◆ TASK DESCRIPTION:
The full listing is to be transcribed exactly, with each picture left out.

◆ DATA SEGMENT:

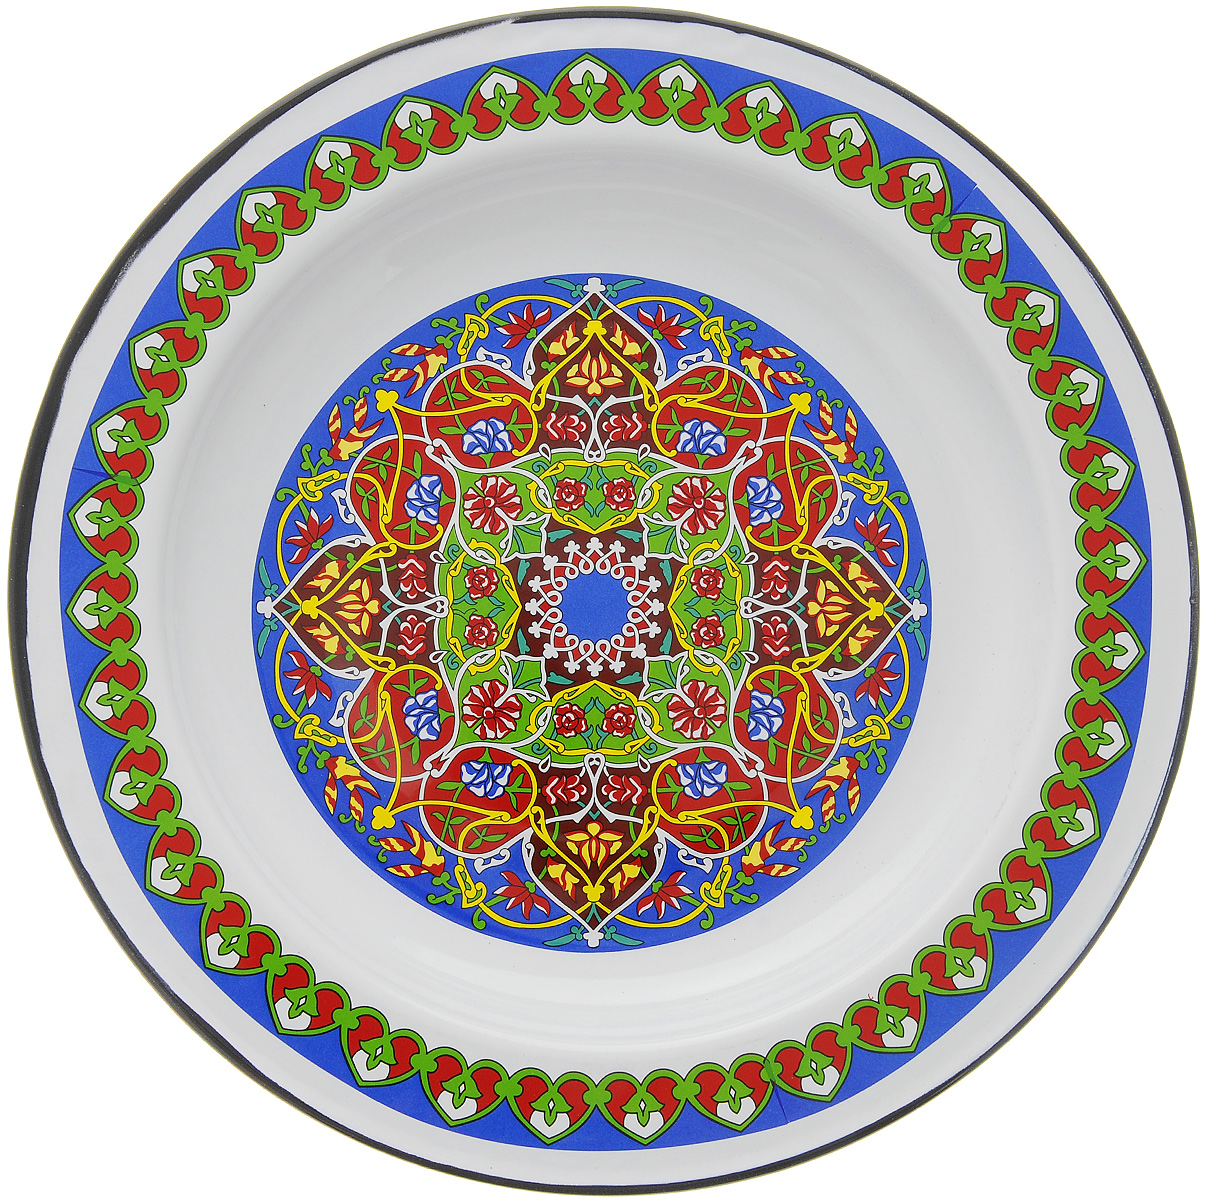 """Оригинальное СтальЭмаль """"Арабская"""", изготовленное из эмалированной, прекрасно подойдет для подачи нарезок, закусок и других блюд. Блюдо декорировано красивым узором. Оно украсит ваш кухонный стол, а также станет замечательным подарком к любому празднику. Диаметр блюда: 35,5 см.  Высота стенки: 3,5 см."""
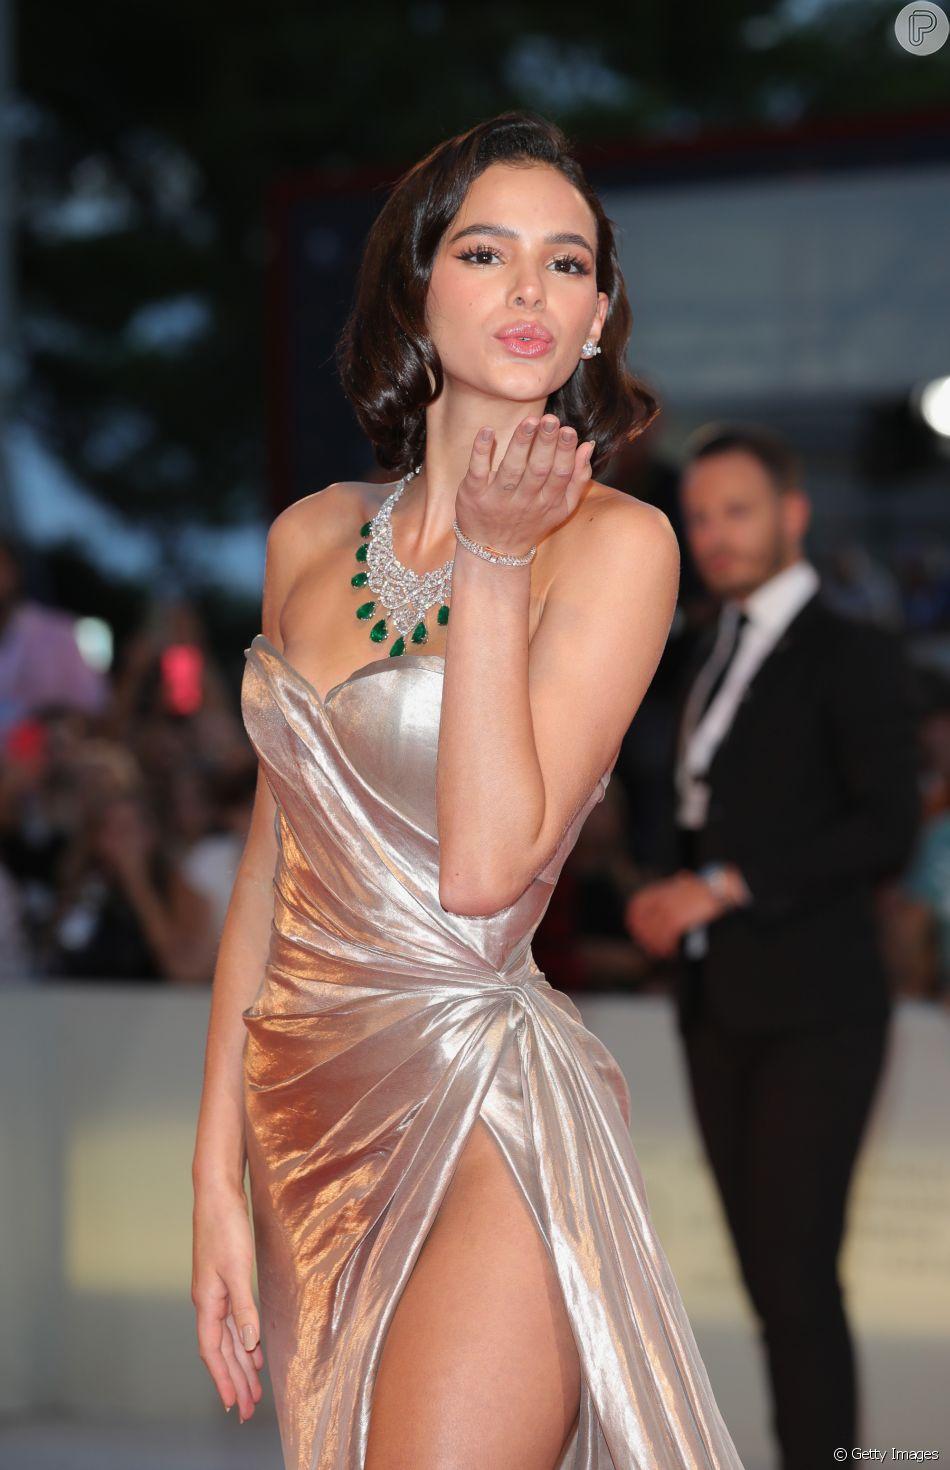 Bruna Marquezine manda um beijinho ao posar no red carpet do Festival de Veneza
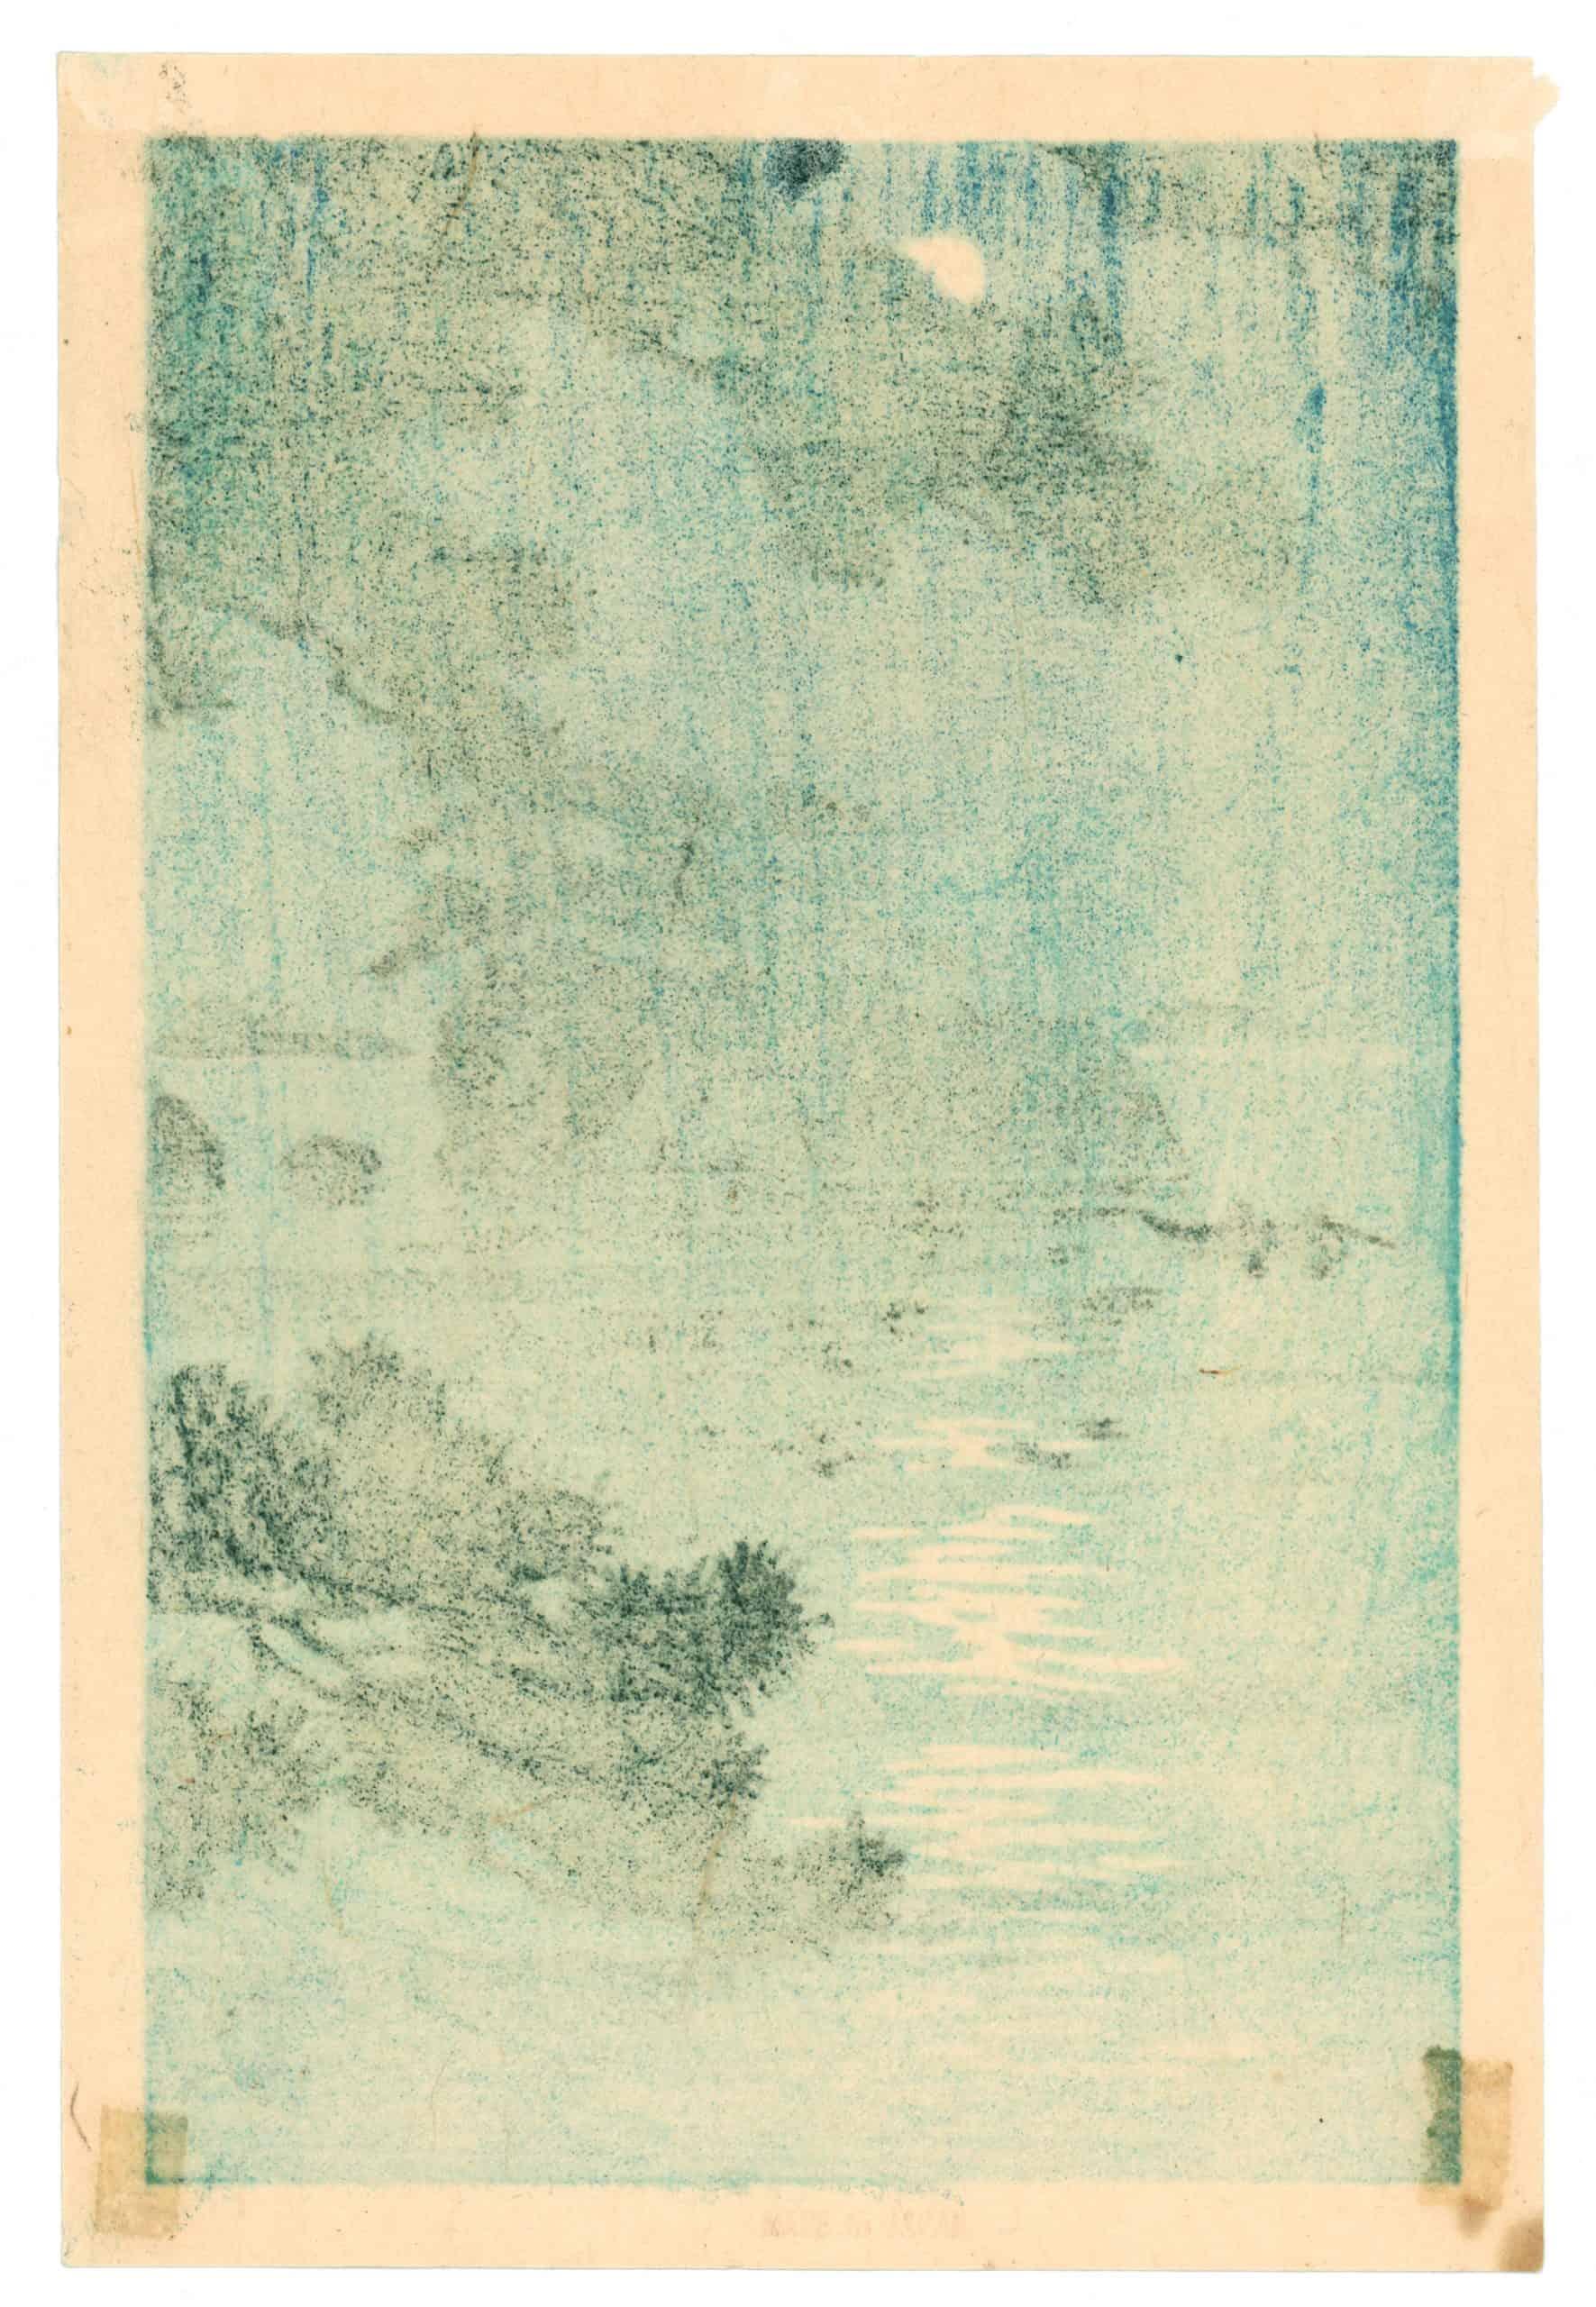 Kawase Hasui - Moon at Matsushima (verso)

◆ THE COMPLETED TASK:
 """Оригинальное СтальЭмаль """"Арабская"""", изготовленное из эмалированной, прекрасно подойдет для подачи нарезок, закусок и других блюд. Блюдо декорировано красивым узором. Оно украсит ваш кухонный стол, а также станет замечательным подарком к любому празднику. Диаметр блюда: 35,5 см.  Высота стенки: 3,5 см."""
 Bruna Marquezine manda um beijinho ao posar no red carpet do Festival de Veneza
 Kawase Hasui - Moon at Matsushima (verso)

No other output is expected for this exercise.